Who are they trying to fool? Wholesale expropriation after stripping the license and authorship, while those in the open source community observe both of them very carefully.
Give credit where credit is due, including paying the creators when the licensing is violated.
Context is important here. Reda was elected to the European Parliament as a member of the German Pirate Party, so his position here isn't "big businesses are entitled to your code", and more "this sort of wholesale expropriation is a consequence of our posture towards copyright in general".

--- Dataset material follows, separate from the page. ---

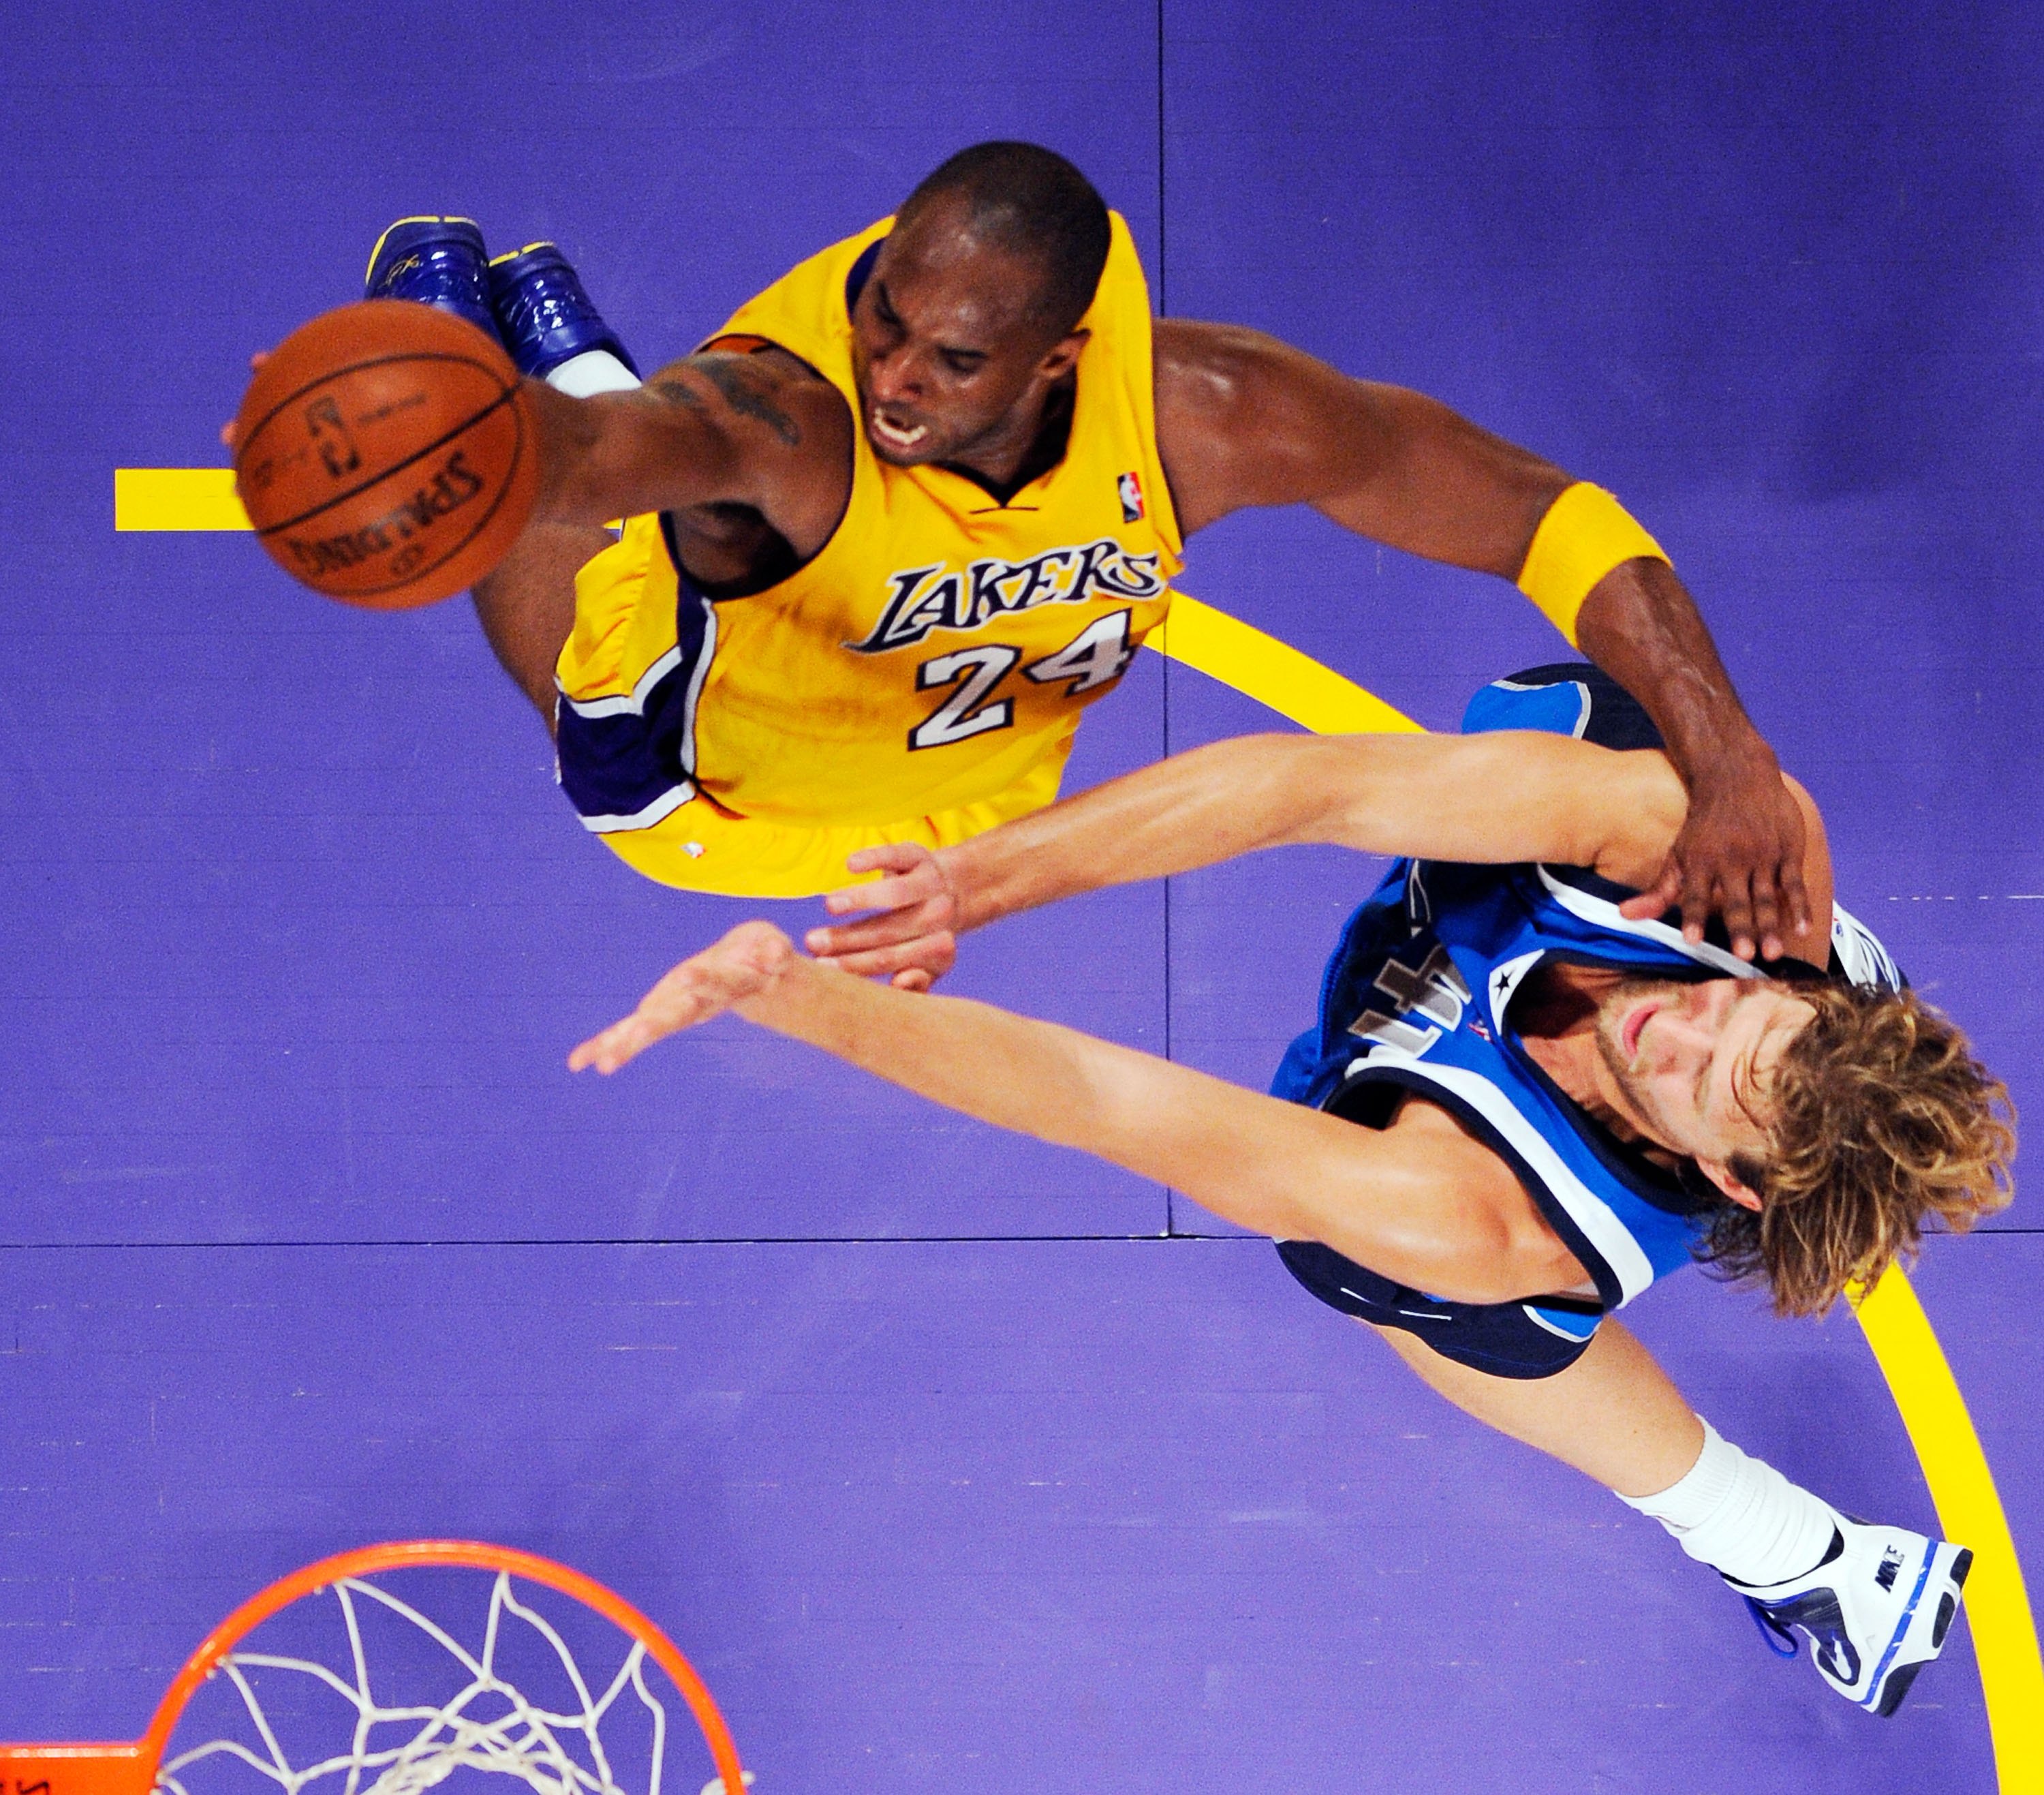 LOS ANGELES, CA - OCTOBER 30: Kobe Bryant #24 of the Los Angeles Lakers glides to the basket against Dirk Nowitzki #41 of the Dallas Mavericks during the NBA basketball game at Staples Center on October 30, 2009 in Los Angeles, California.  NOTE TO USER:

While I agree with you on principle, current laws do not reflect the copyright status intended by copyleft works. I'm not even sure if copyleft can be enforced against AI plagiarism under current laws.
That's a great point about stripping authorship. It would be nice if there was some sort of blockchain linking every bit of knowledge to its source. Some people at least would like getting attribution--I know I would. Instead we get a planet-sized meat grinder producing the perfect burger material. Just make sure to add enough spices to make it edible, i.e. not to offend anyone.

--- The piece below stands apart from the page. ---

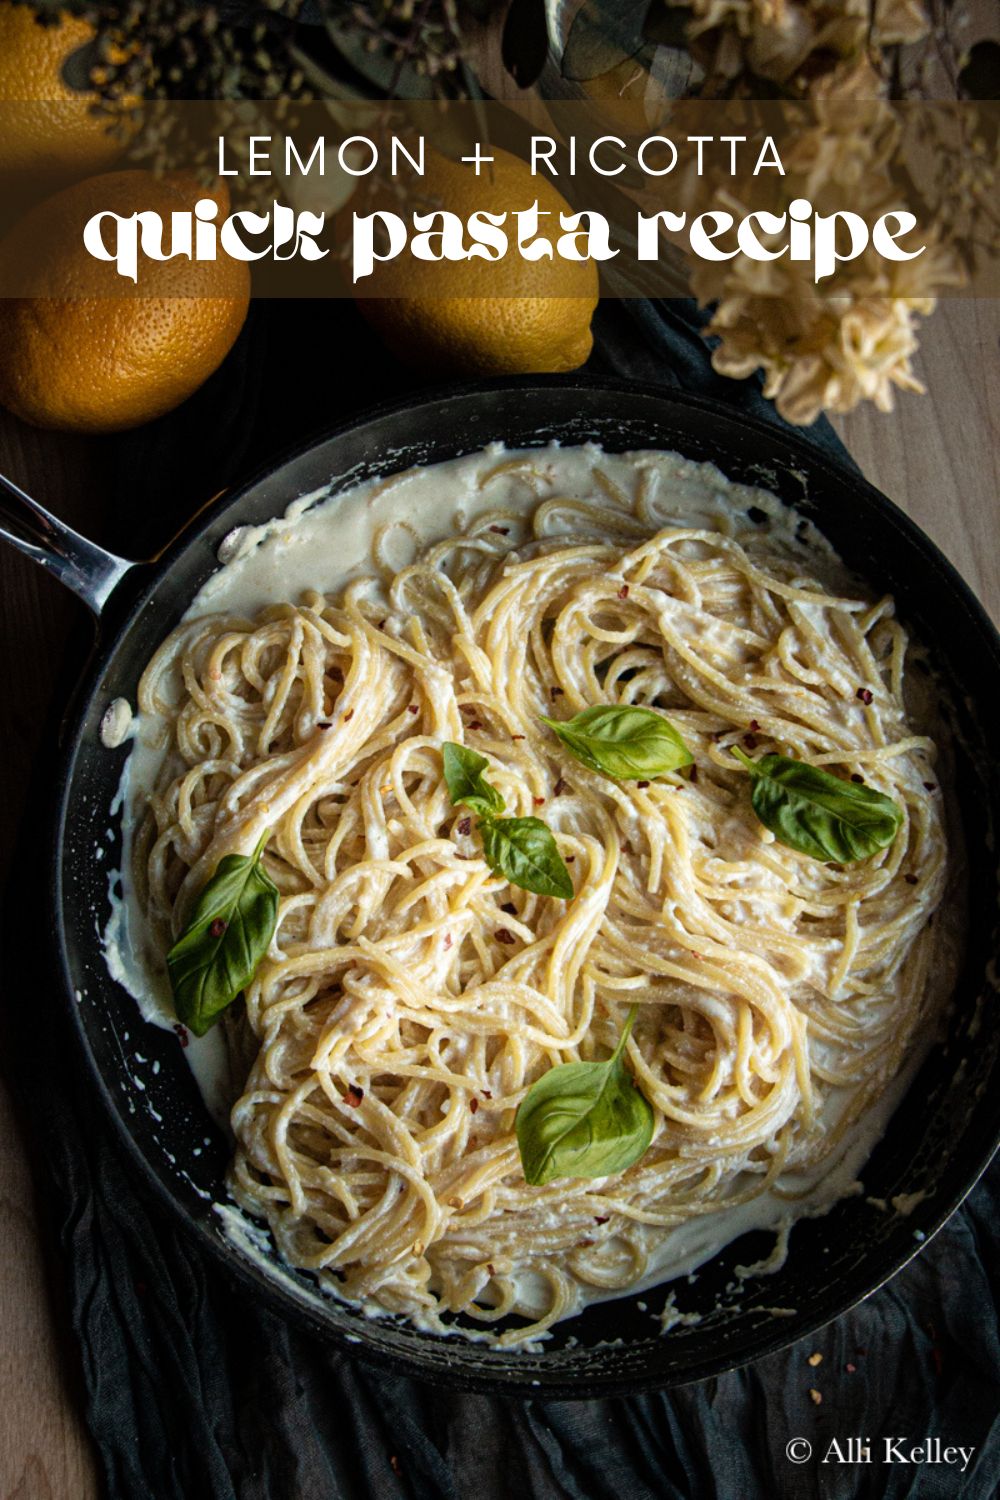 For a quick meal that is simple yet scrumptious - you have to try this lemon ricotta pasta! The sweet, zesty lemon flavor combined with creamy ricotta cheese is a match made in heaven. Plus, this dish is effortless to make and is the best way to spruce up a boring weeknight meal!

> The output of a machine simply does not qualify for copyright protection – it is in the public domain.
I am reading this right… ? If this argument is generally true, does this mean that the output of a compiler might also be sent into the public domain? Or the live recording and broadcast of an event which involves automated machines on all levels?
No, it's incorrect and/or badly worded. The author is right that a machine cannot author things, and the stuff that the LLM might create de novo would not have copyright protection. But it's missing the point when the argument is that existing authored works could be generated via an LLM, and the authorship/copyright is already established.

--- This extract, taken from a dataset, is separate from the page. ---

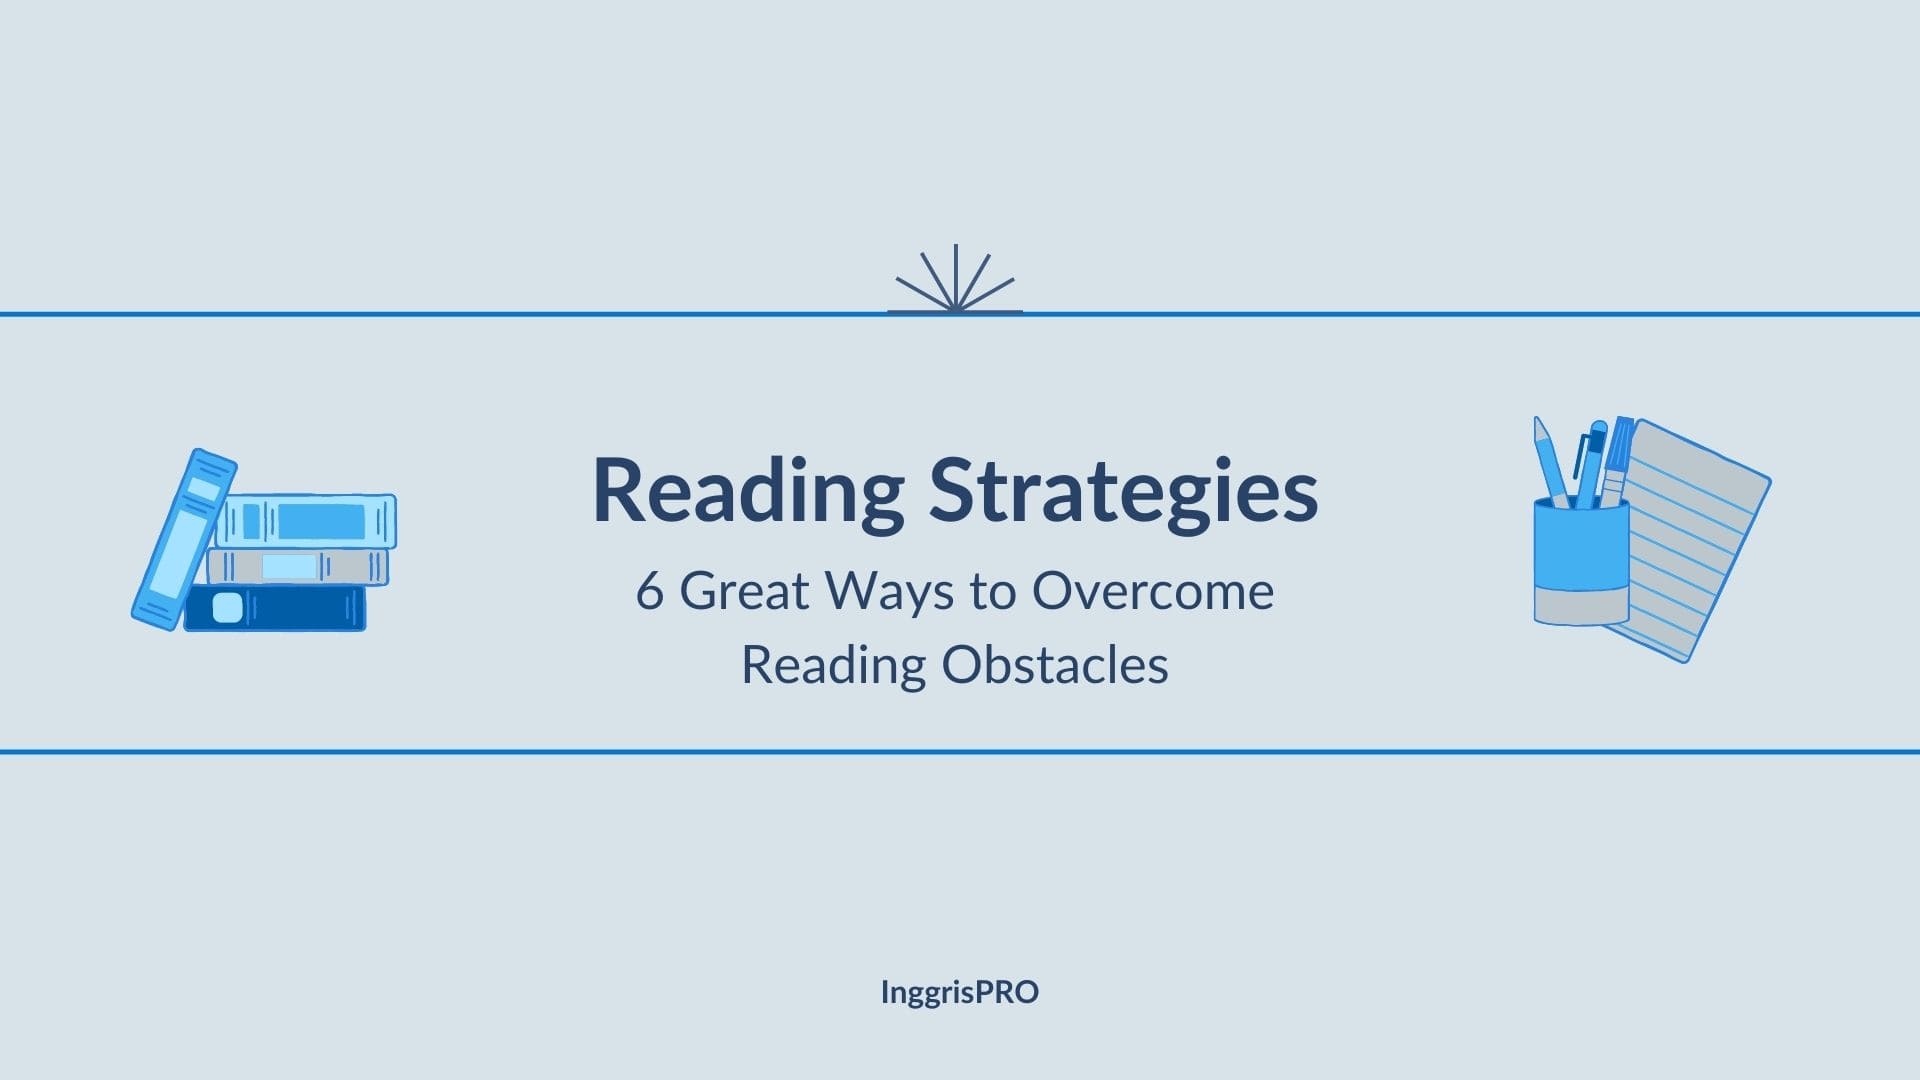 Reading Strategies - 6 Great Ways to Overcome Reading Obstacles

> the stuff that the LLM might create de novo would not have copyright protection
Can you expand on this? From my academic studies (which are indeed growing a bit stale) a Language Model (Large, Medium, Small doesn't matter) is a deterministic machine. Give the same x input n times it will produce the same output y, n times. Some implementations of LM:s might introduce noise to randomise output, but that is not intrinsic to all LM:s.
A language model has no volition, no intent, it does not start without the intervention of a human (or another machine if it is a part of an automated chain).
How is this different compared to a compiler?
With a compiler I craft something in a specific language, often a programming language, I commit it, then a long chain of automated actions happen:
1. The code gets automatically pushed to a repository by my machine
2. The second machine automatically runs tests and fuzzes
3. The second machine automatically compiles binaries
4. The second machine packages the binaries
5. The second machine publishes the binaries to a third machine
How is the above workflow any different from someone using a Language Model to craft something in a specific language and send it through a deterministic LM?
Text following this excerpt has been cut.